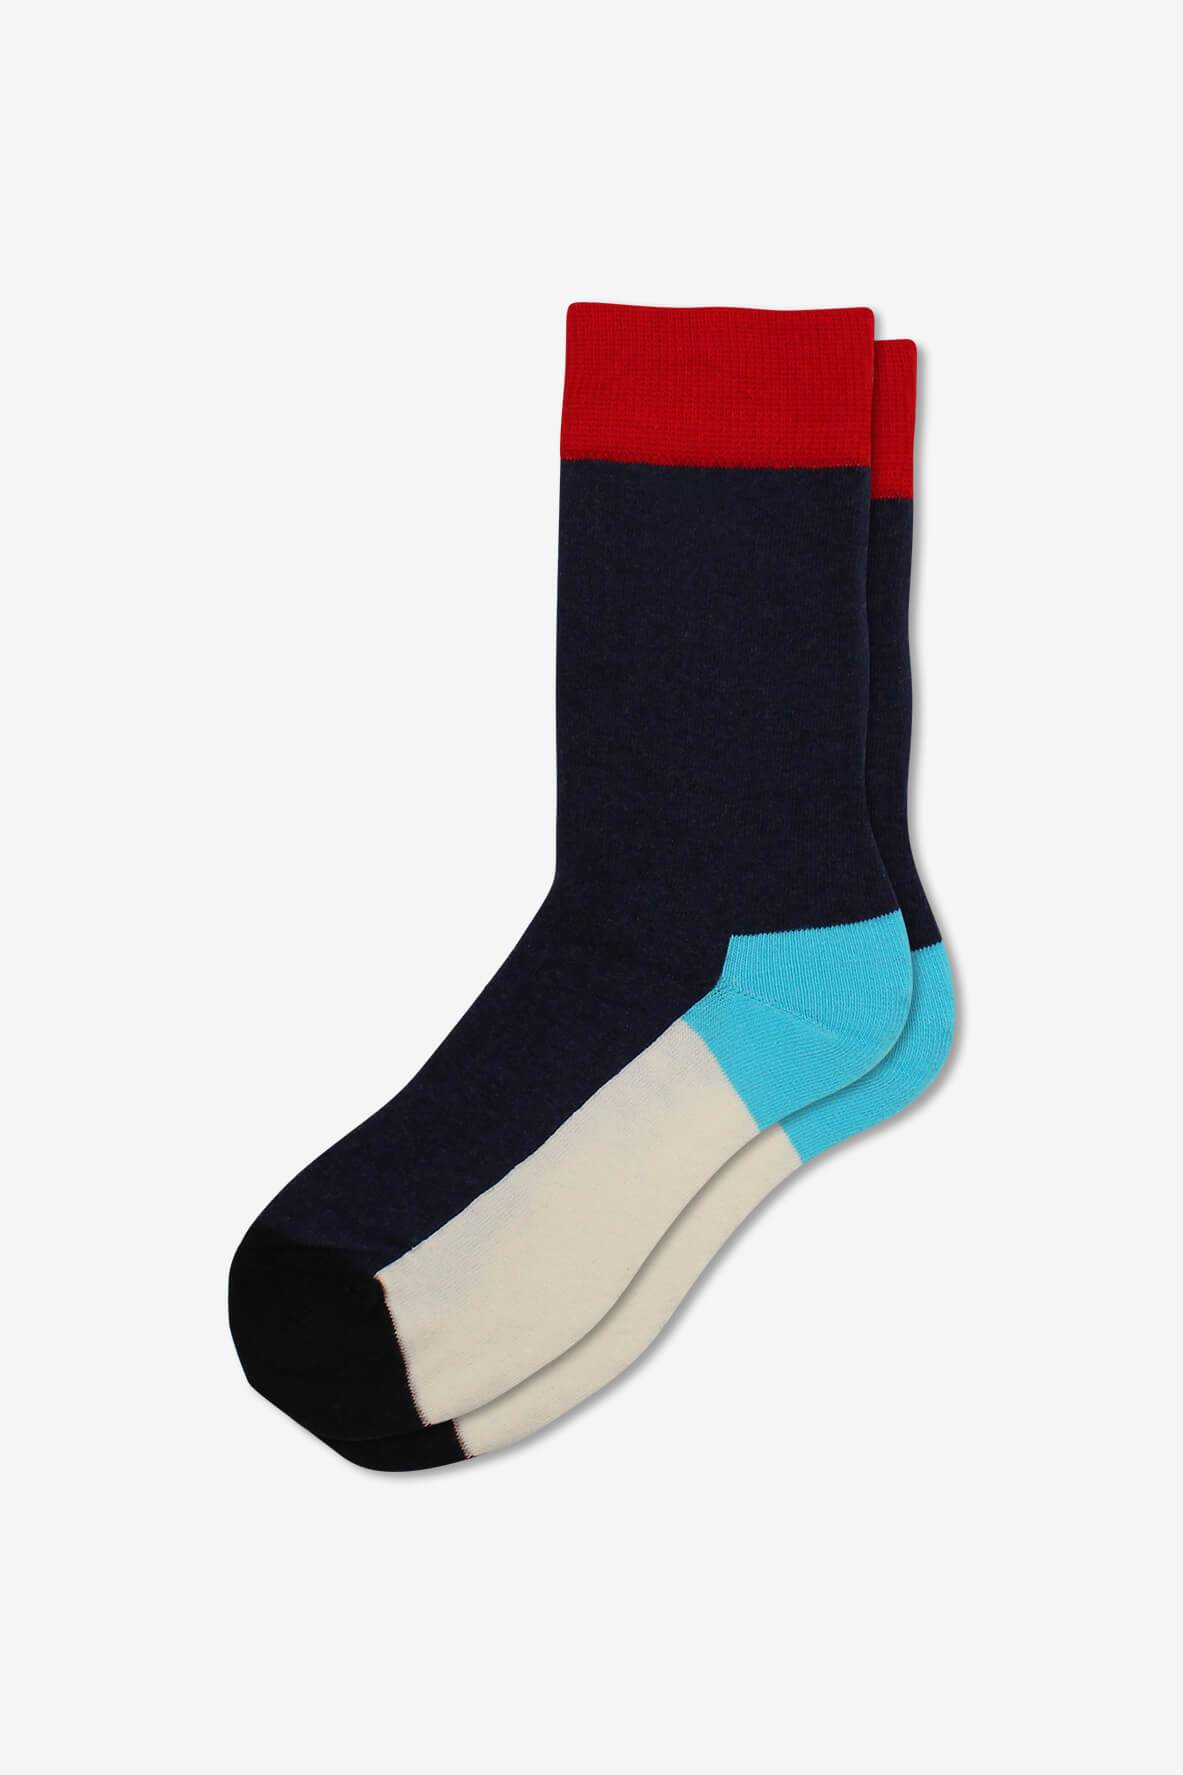 Socks IMG_5247, socks, GoTie
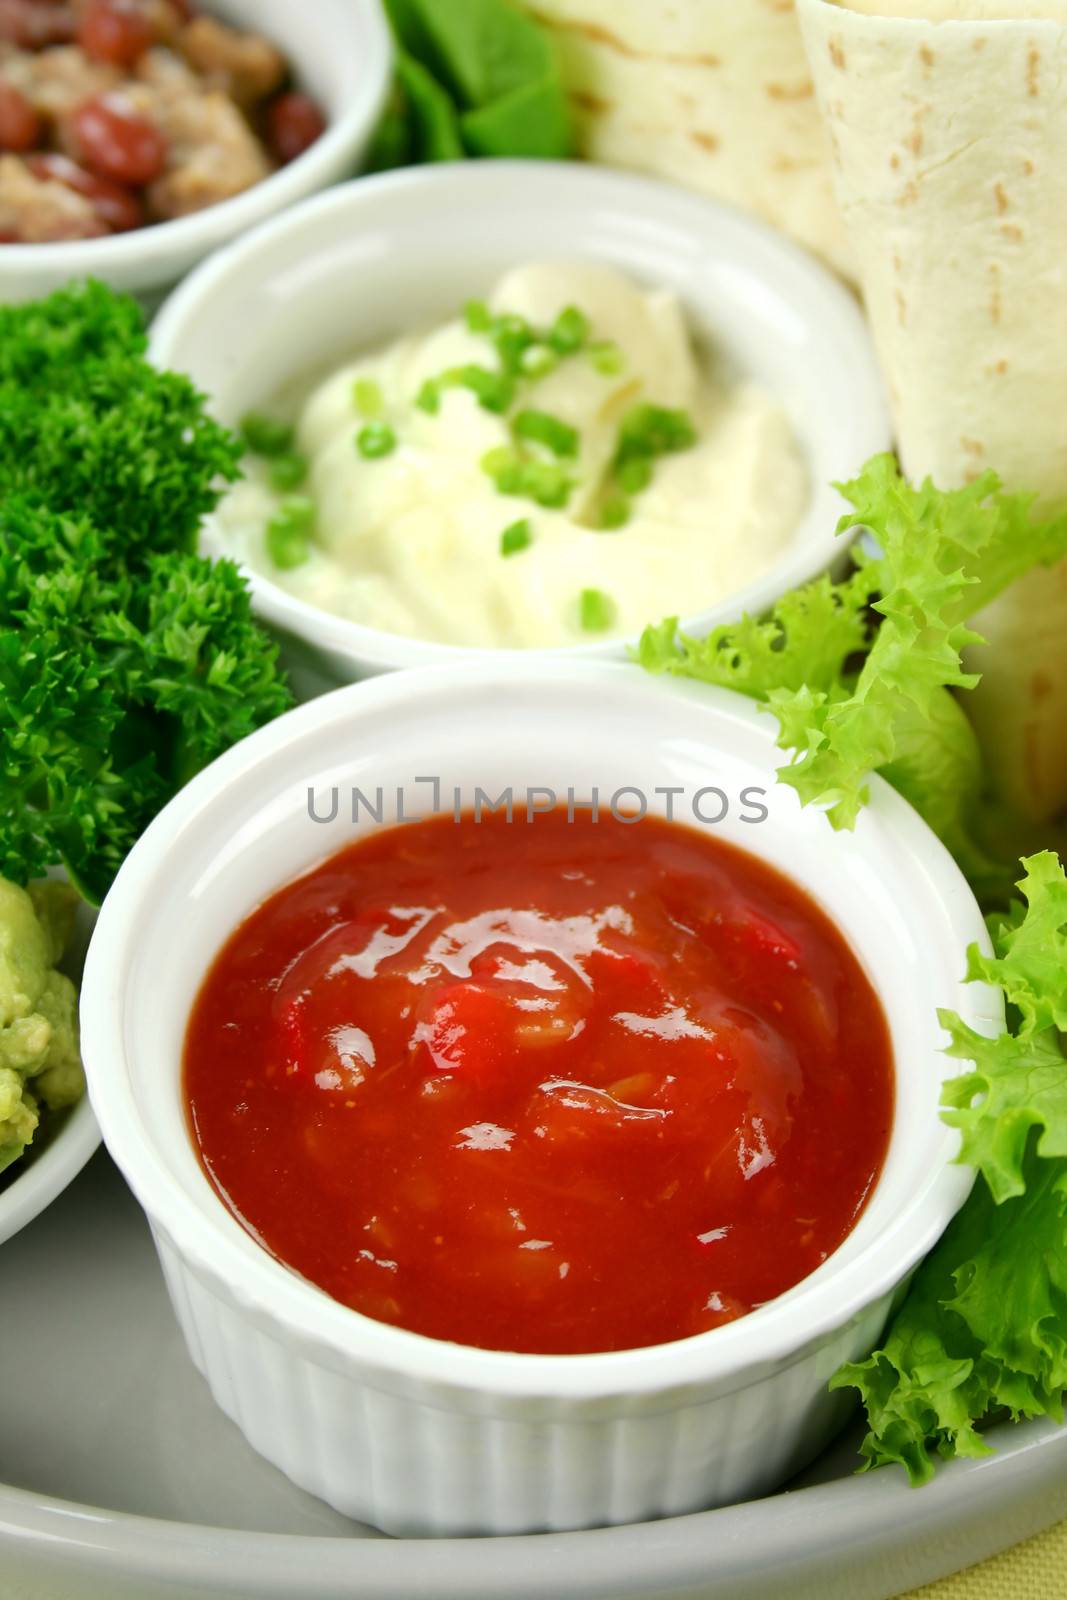 Tomato Salsa And Sour Cream by jabiru
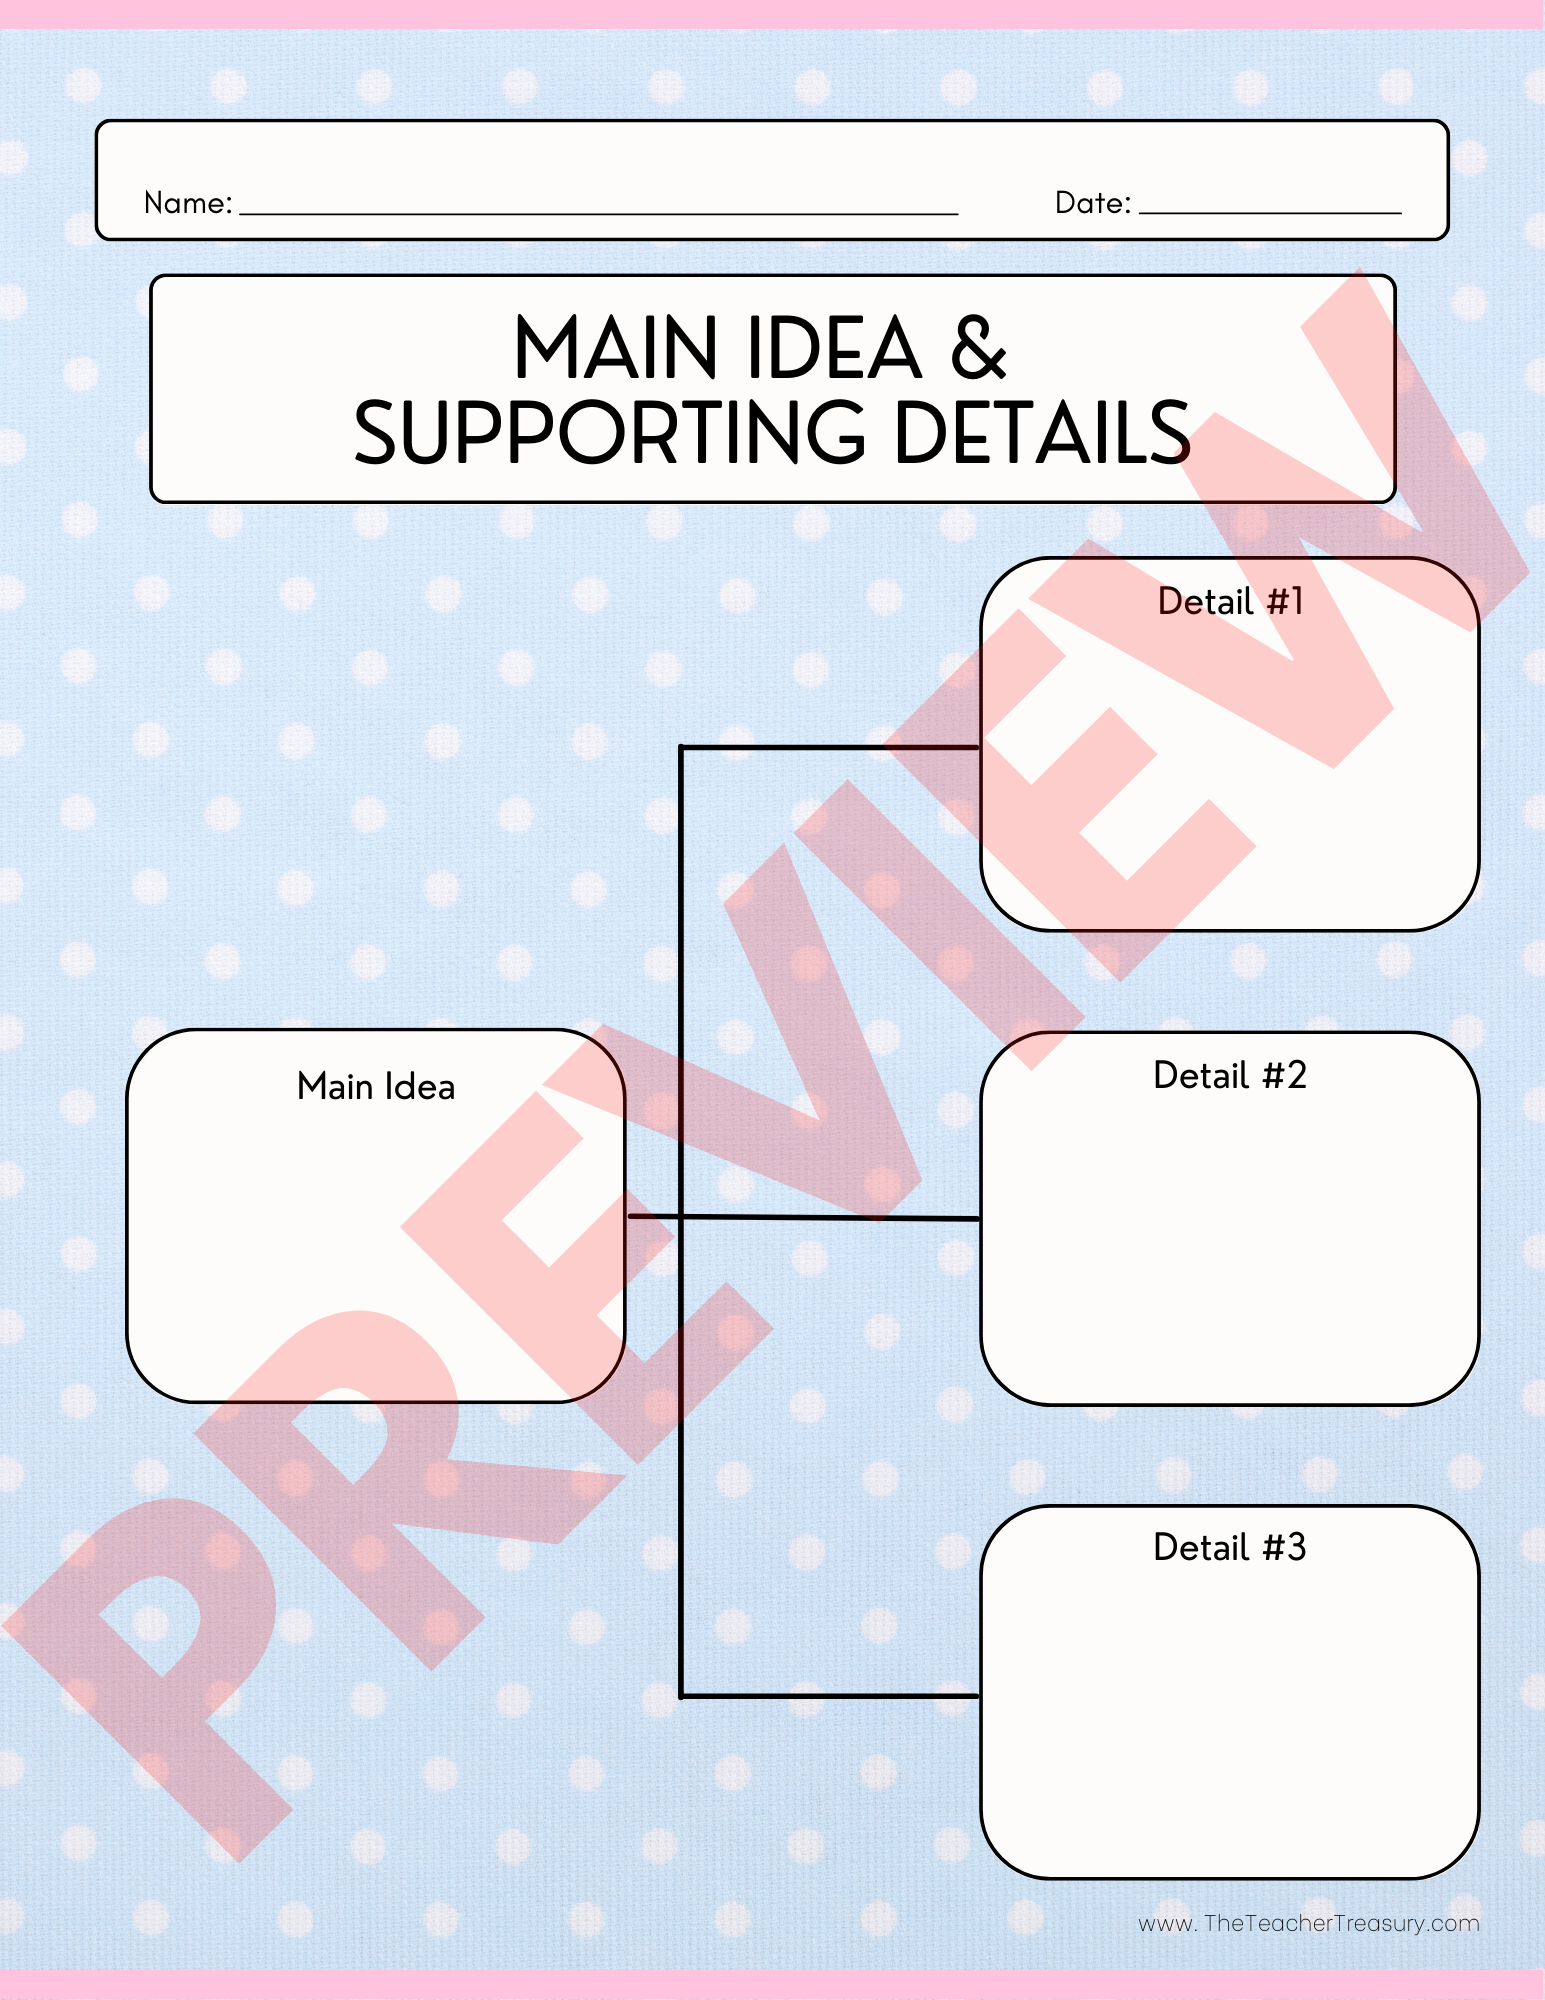 Main Idea Graphic Organizer

■ WHAT YOU HAVE TO DO: Every line above should be reproduced exactly, please, with no pictures included.

■ RESPONSE TO THIS EXERCISE:
 Socks IMG_5247, socks, GoTie
 Tomato Salsa And Sour Cream by jabiru
 Main Idea Graphic Organizer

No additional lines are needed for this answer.